What the task asks
Your answer should be the lines from the one with "Sinkology SB203-18N Edison" to the end of the data below, both included, exact and free of pictures.

Data shown
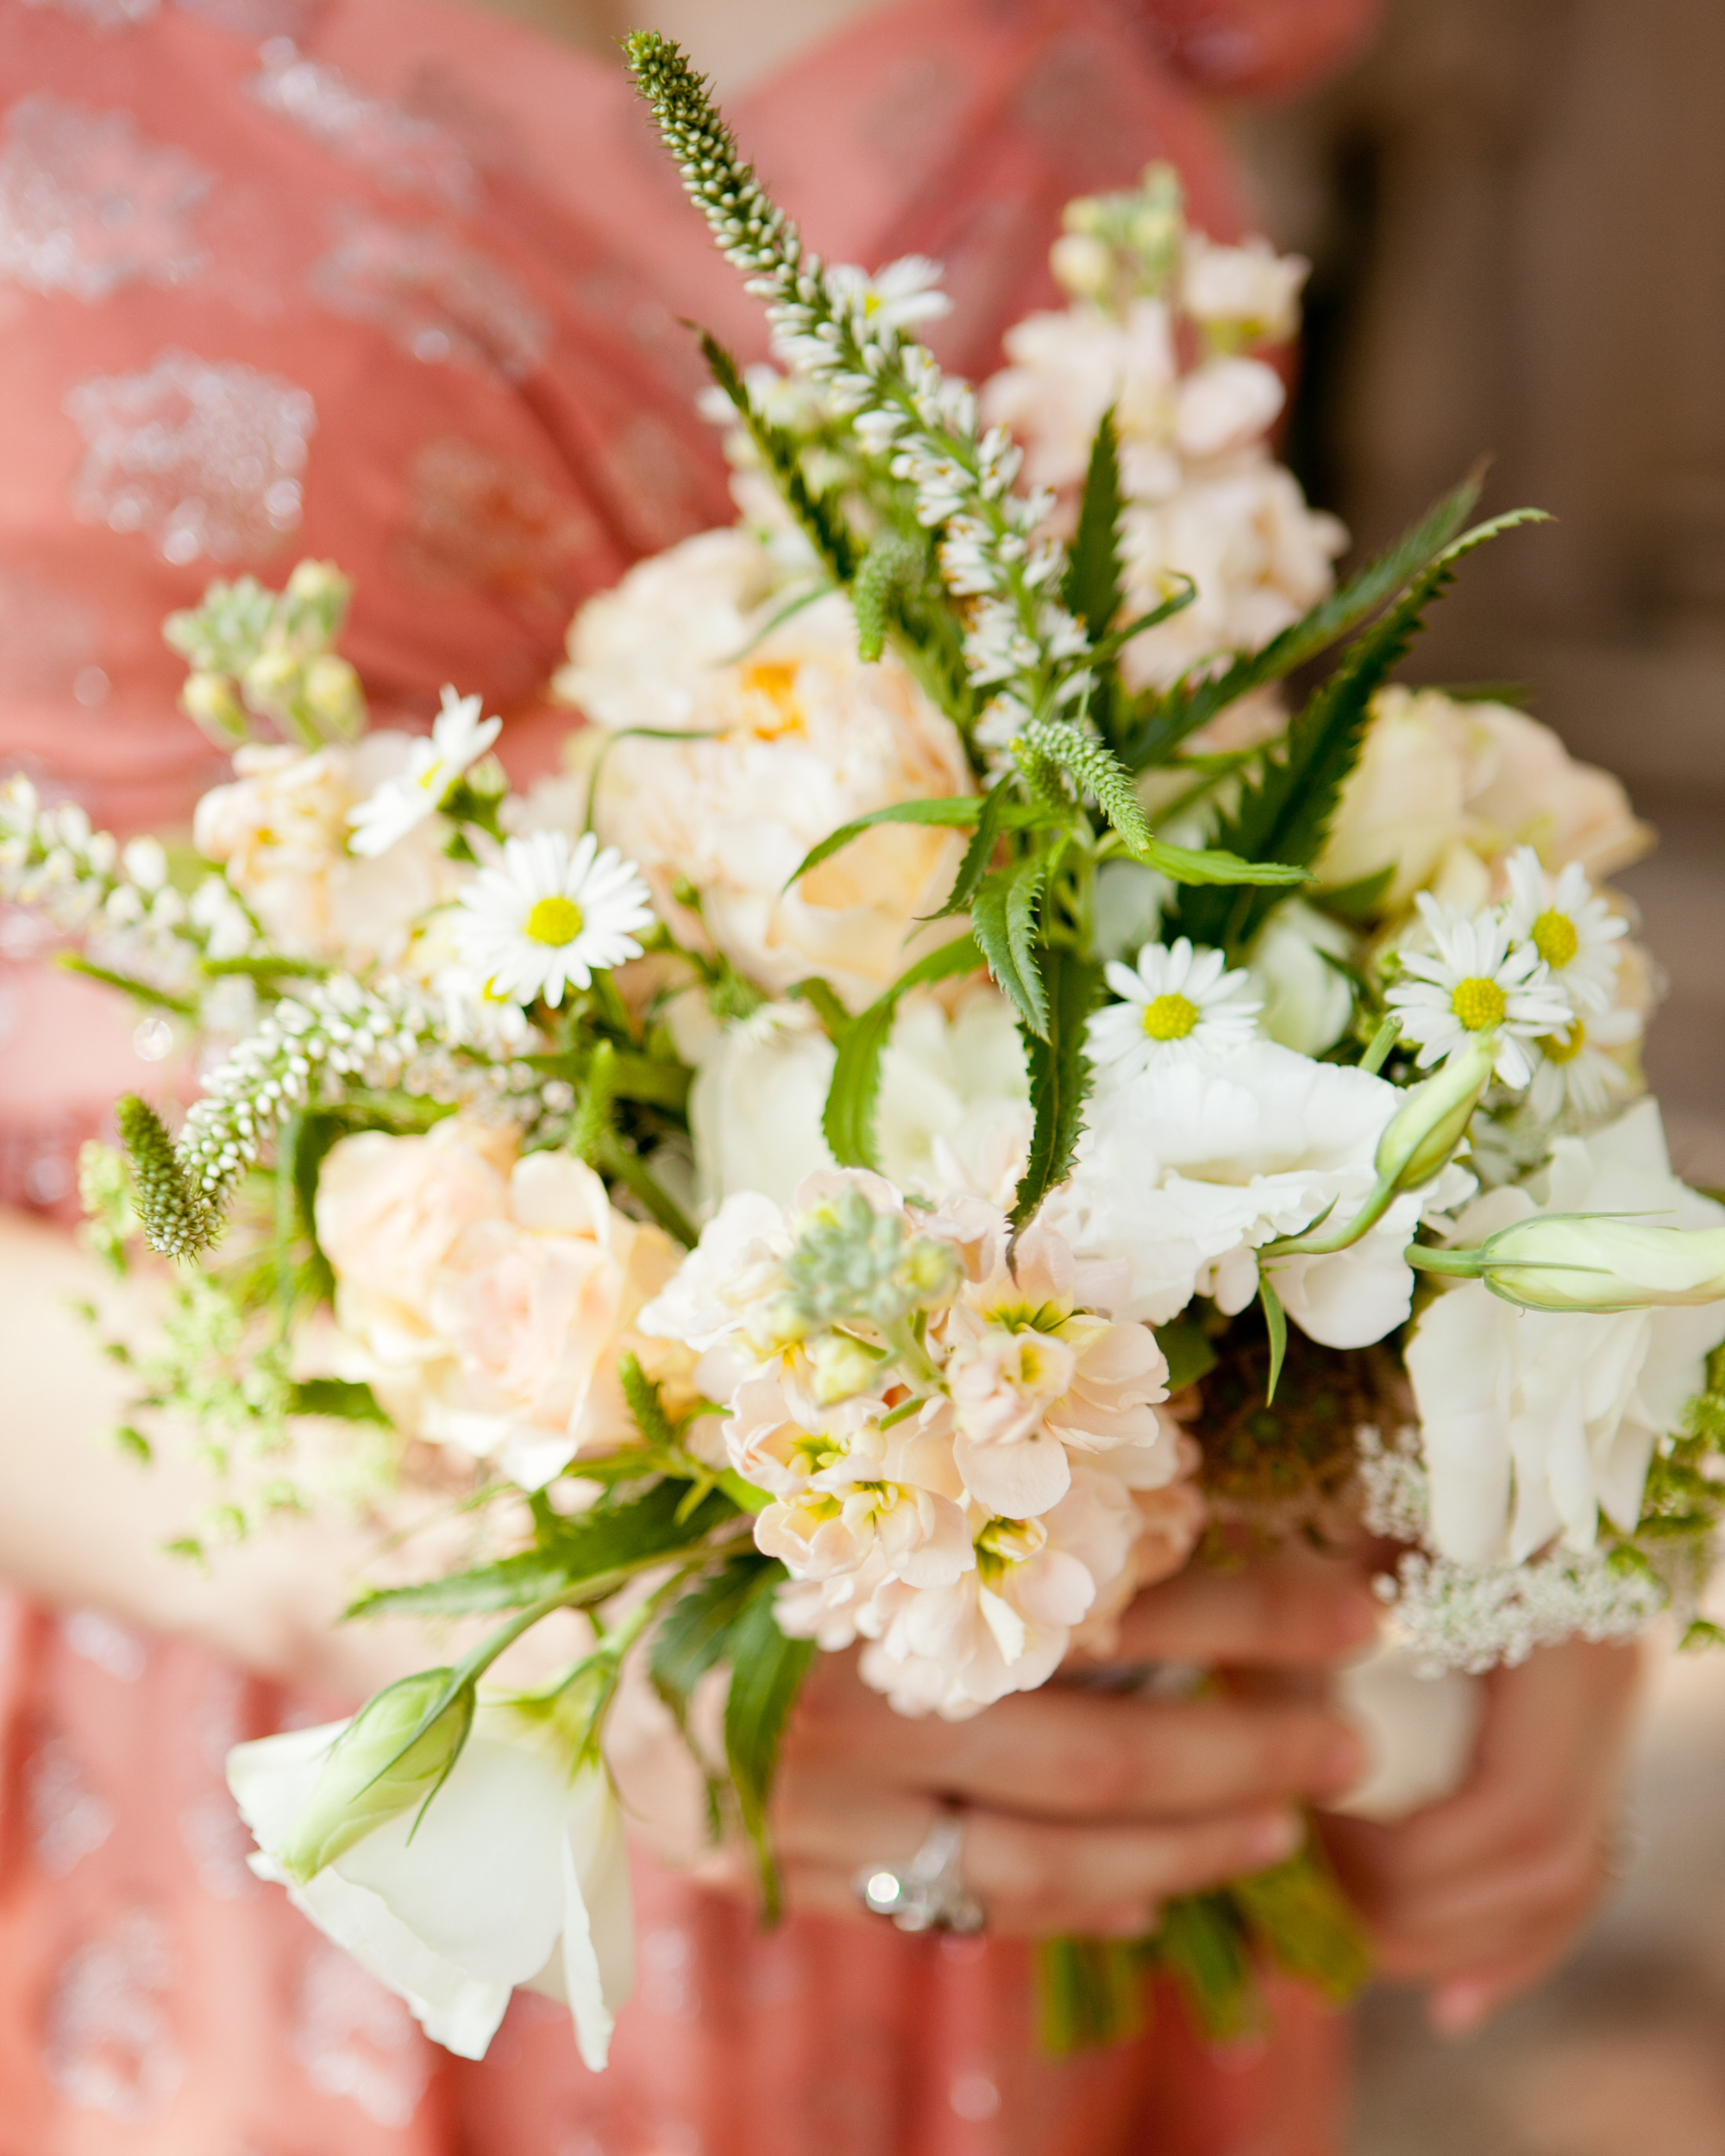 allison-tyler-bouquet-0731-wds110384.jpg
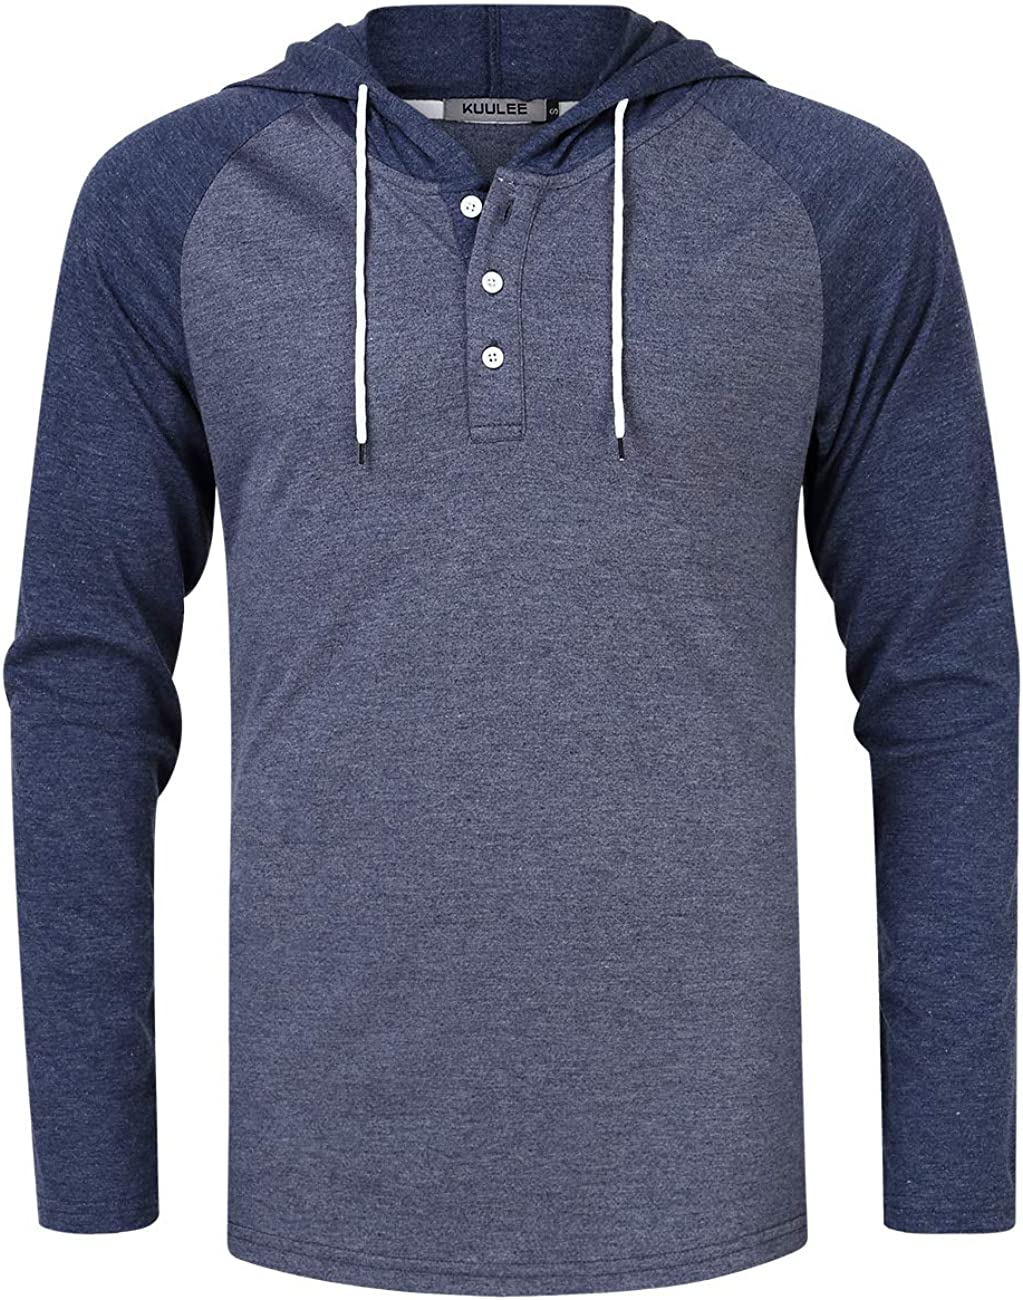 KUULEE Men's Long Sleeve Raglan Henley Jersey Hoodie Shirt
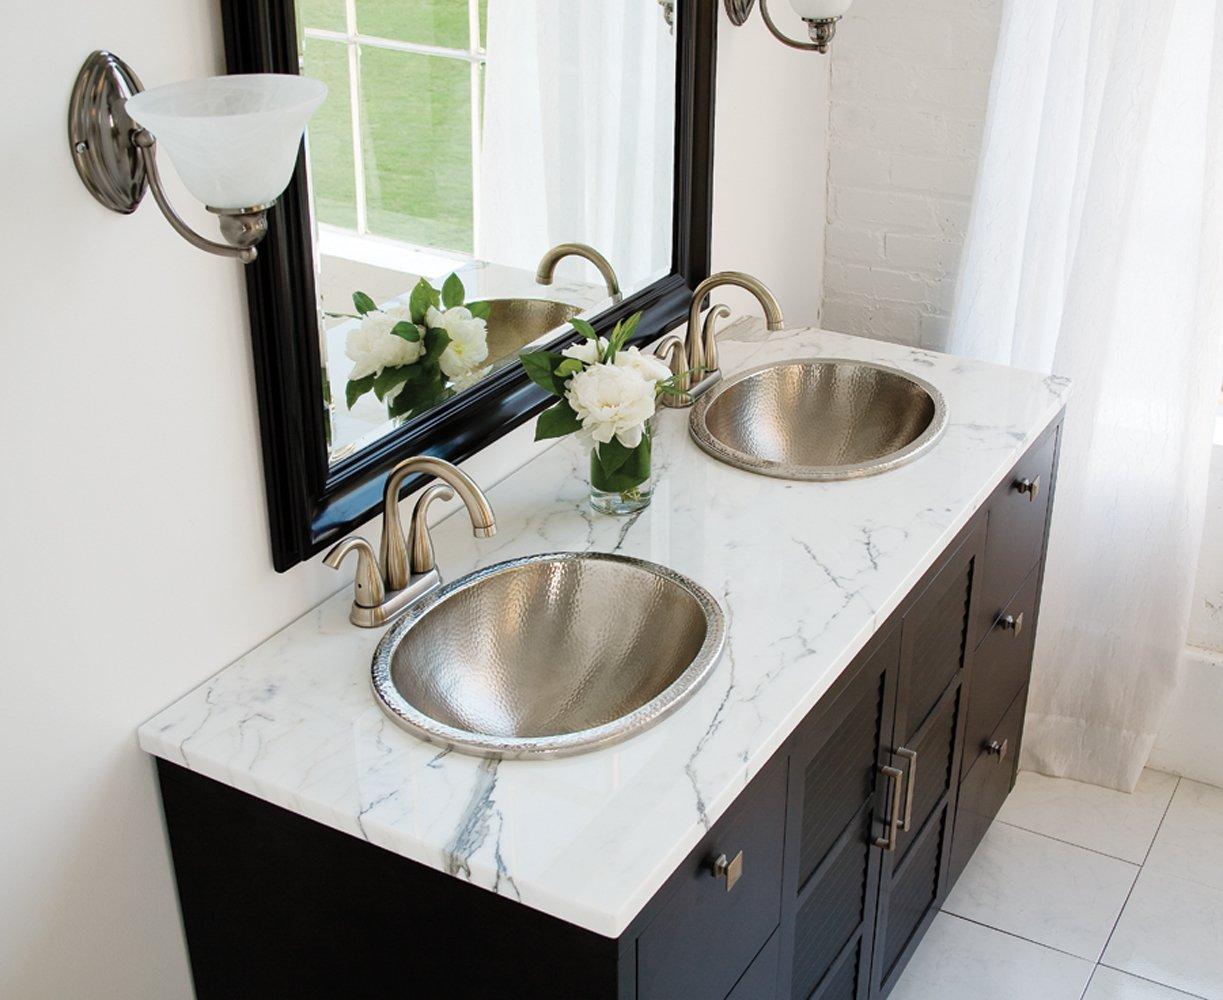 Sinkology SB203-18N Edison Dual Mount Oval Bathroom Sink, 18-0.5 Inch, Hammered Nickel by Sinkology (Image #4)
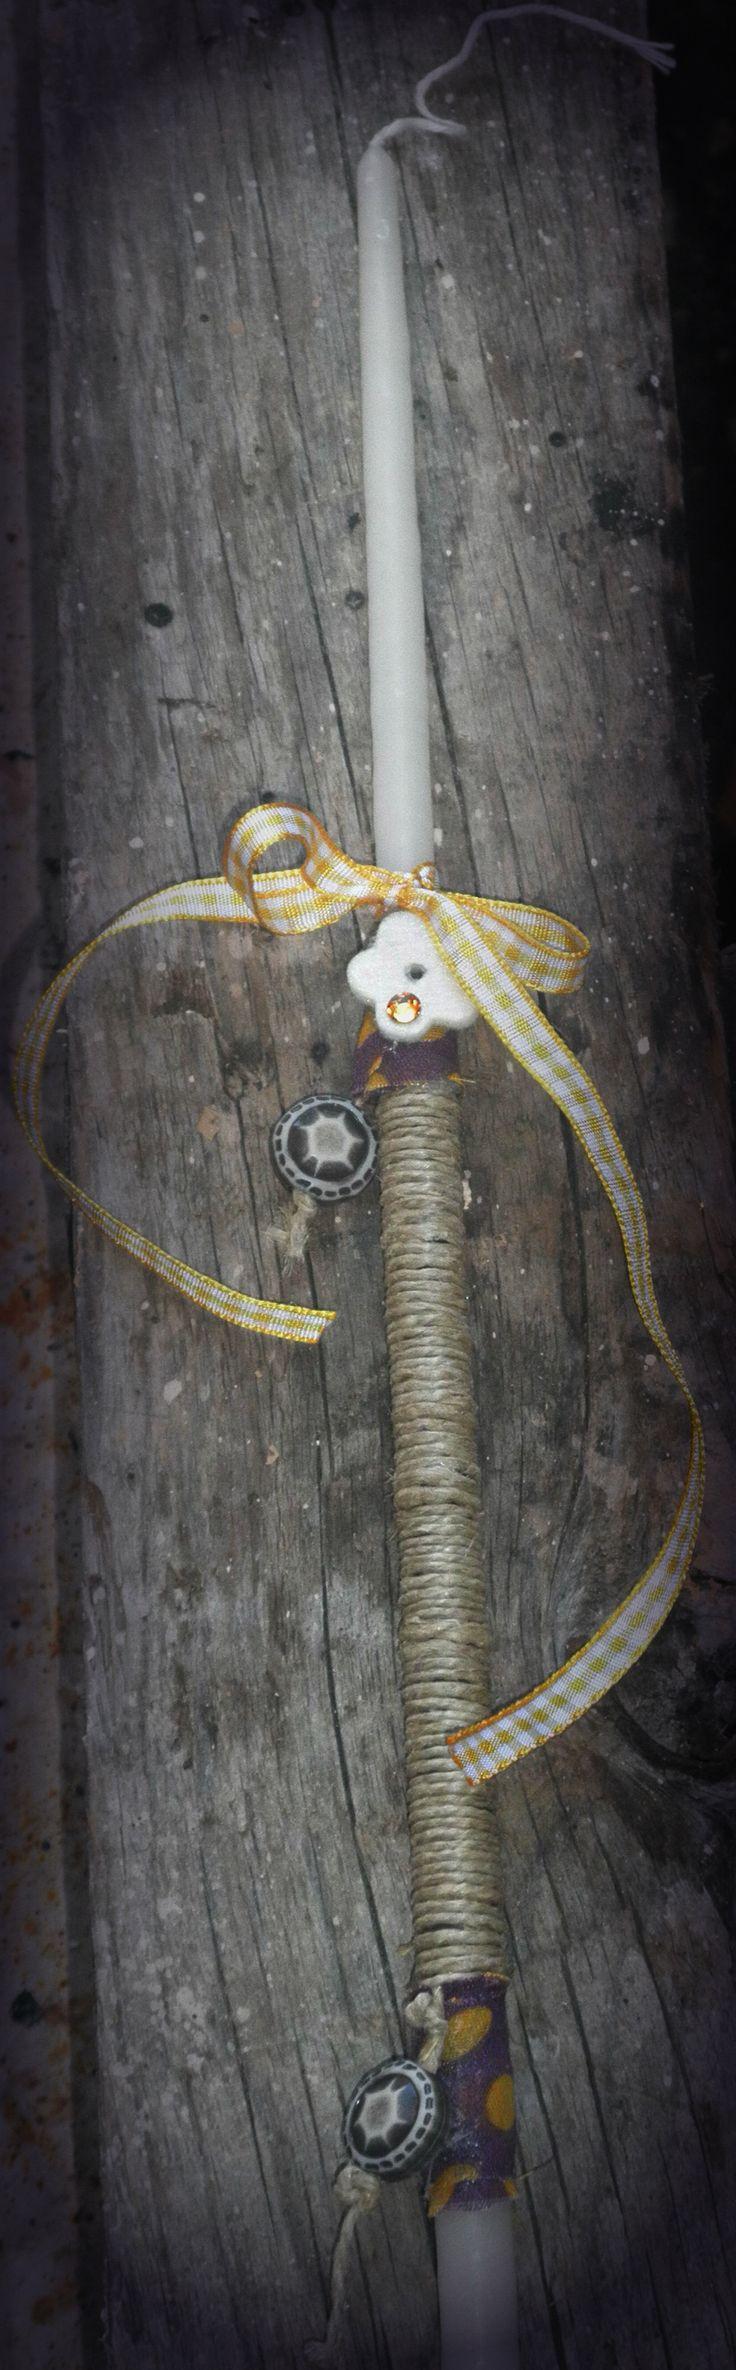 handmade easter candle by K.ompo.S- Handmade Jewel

Result
 Sinkology SB203-18N Edison Dual Mount Oval Bathroom Sink, 18-0.5 Inch, Hammered Nickel by Sinkology (Image #4)
 handmade easter candle by K.ompo.S- Handmade Jewel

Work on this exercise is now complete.